Corporate developments
On April 20, 2010, we completed a registered direct offering of 11,111,111 units, with each unit consisting of one common share and a warrant to purchase 0.40 of a common share, at a price of $1.35 per unit (the April 2010 Offering ). Total proceeds raised upon completion of the April 2010 Offering amounted to $15.0 million less cash transaction costs of approximately $1.3 million. The securities described above were offered by us pursuant to a shelf prospectus dated March 12, 2010 and a prospectus supplement dated April 15, 2010.

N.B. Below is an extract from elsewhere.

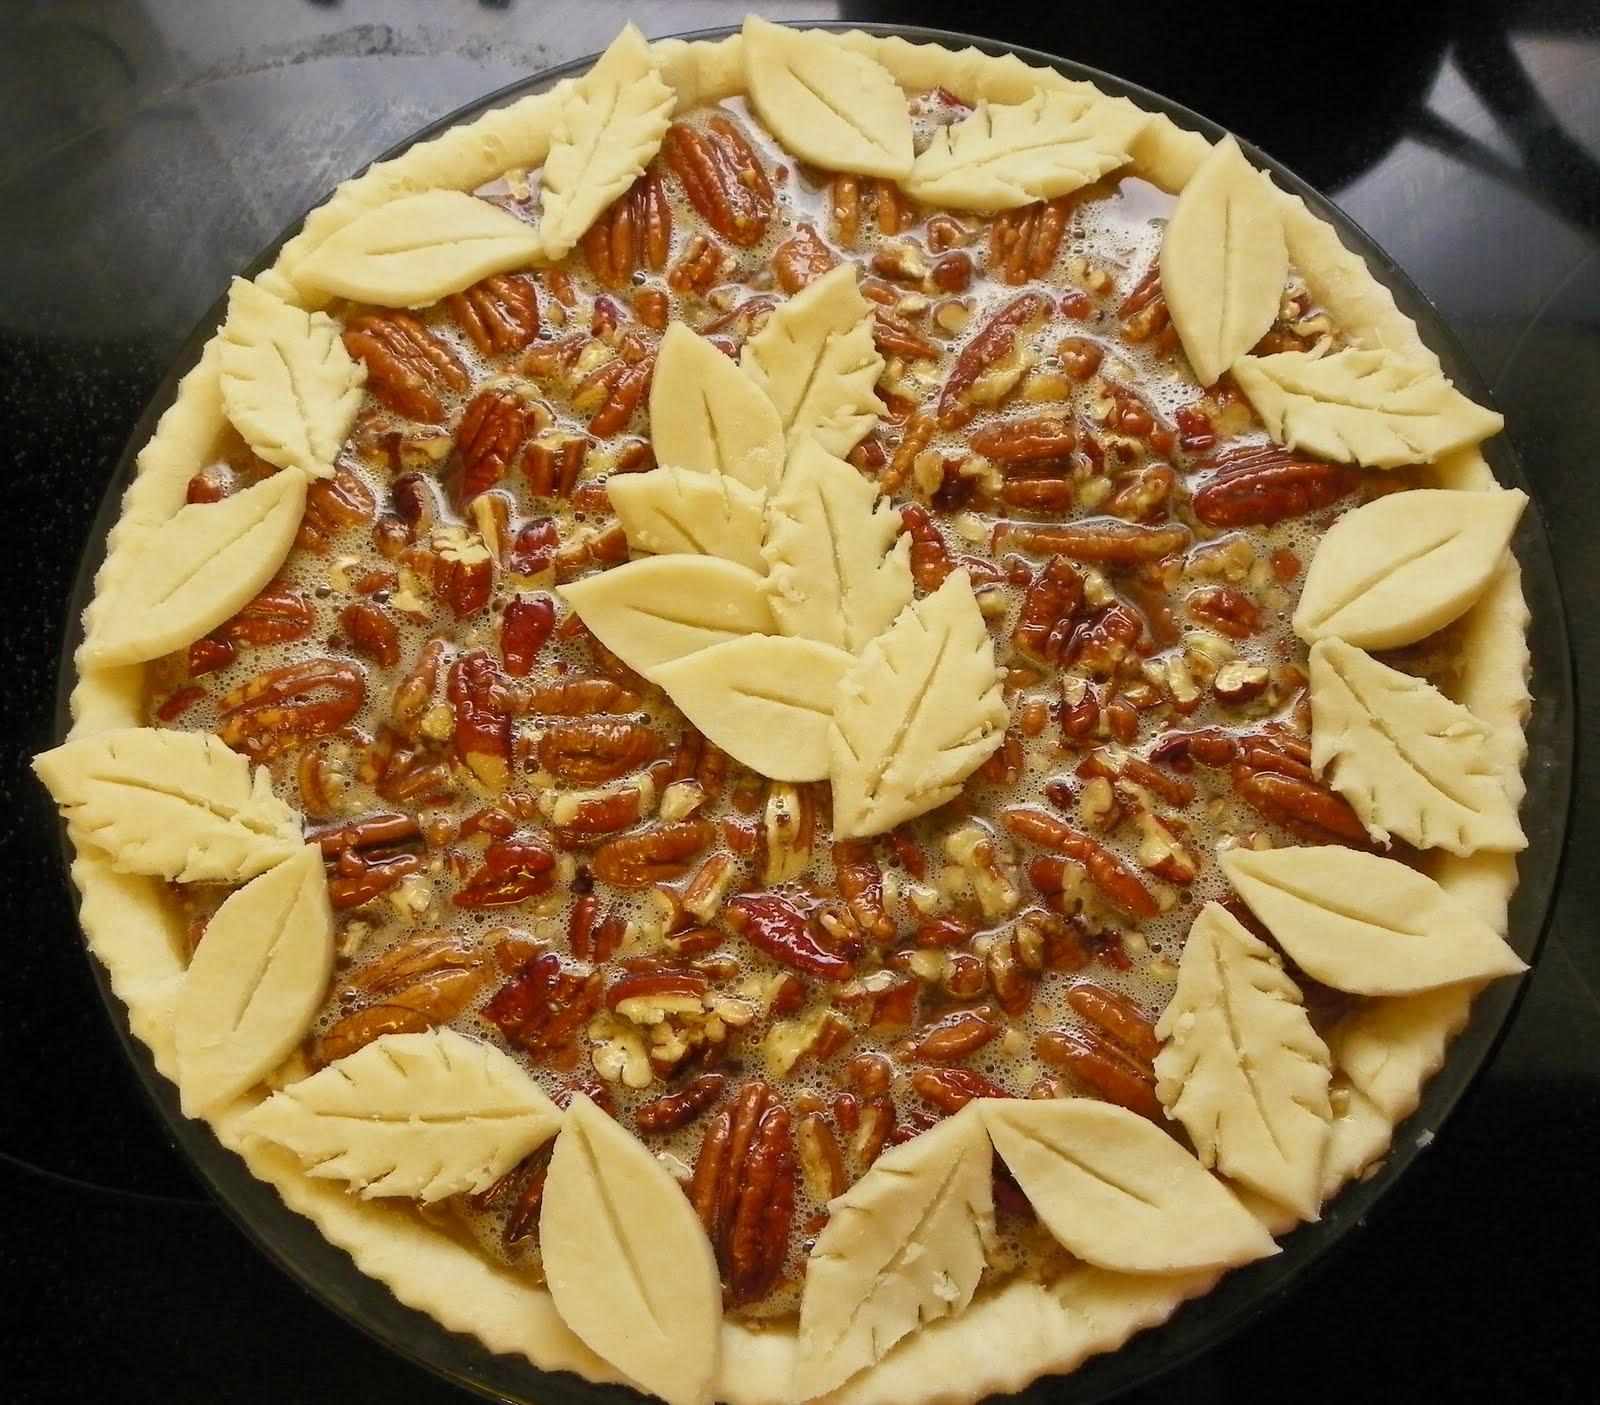 Having Fun In The Kitchen!: Thanksgiving Pies

We granted warrants (the April 2010 Investor Warrants ) to the investors who participated in the April 2010 Offering. Each April 2010 Investor Warrant entitles the holder to purchase 0.40 of a common share at an exercise price of $1.50 per share. The April 2010 Investor Warrants are exercisable between October 20, 2010 and October 20, 2015, and, upon complete exercise, would result in the issuance of an aggregate of 4,444,444 common shares.
We estimated the fair value attributable to the April 2010 Investor Warrants of $3.6 million as of the date of grant by applying the Black-Scholes pricing model, to which the following additional assumptions were applied: a risk-free annual interest rate of 2.56%, expected volatility of 87.3%, an expected term of
5 years, a dividend yield of 0.0% and an issue-date market share price of $1.24. Transaction costs allocated to the April 2010 Investor Warrants amounted to approximately $0.3 million.
On June 21, 2010, we completed a registered direct offering of 8,805,964 units, with each unit consisting of one common share and a warrant to purchase 0.50 of a common share, at a price of $1.3725 per unit (the June 2010 Offering ). Total proceeds raised upon completion of the June 2010 Offering amounted to $12.1 million, less cash transaction costs of approximately $0.8 million. The securities described above were offered by us pursuant to a shelf prospectus dated March 12, 2010 and a prospectus supplement dated June 15, 2010.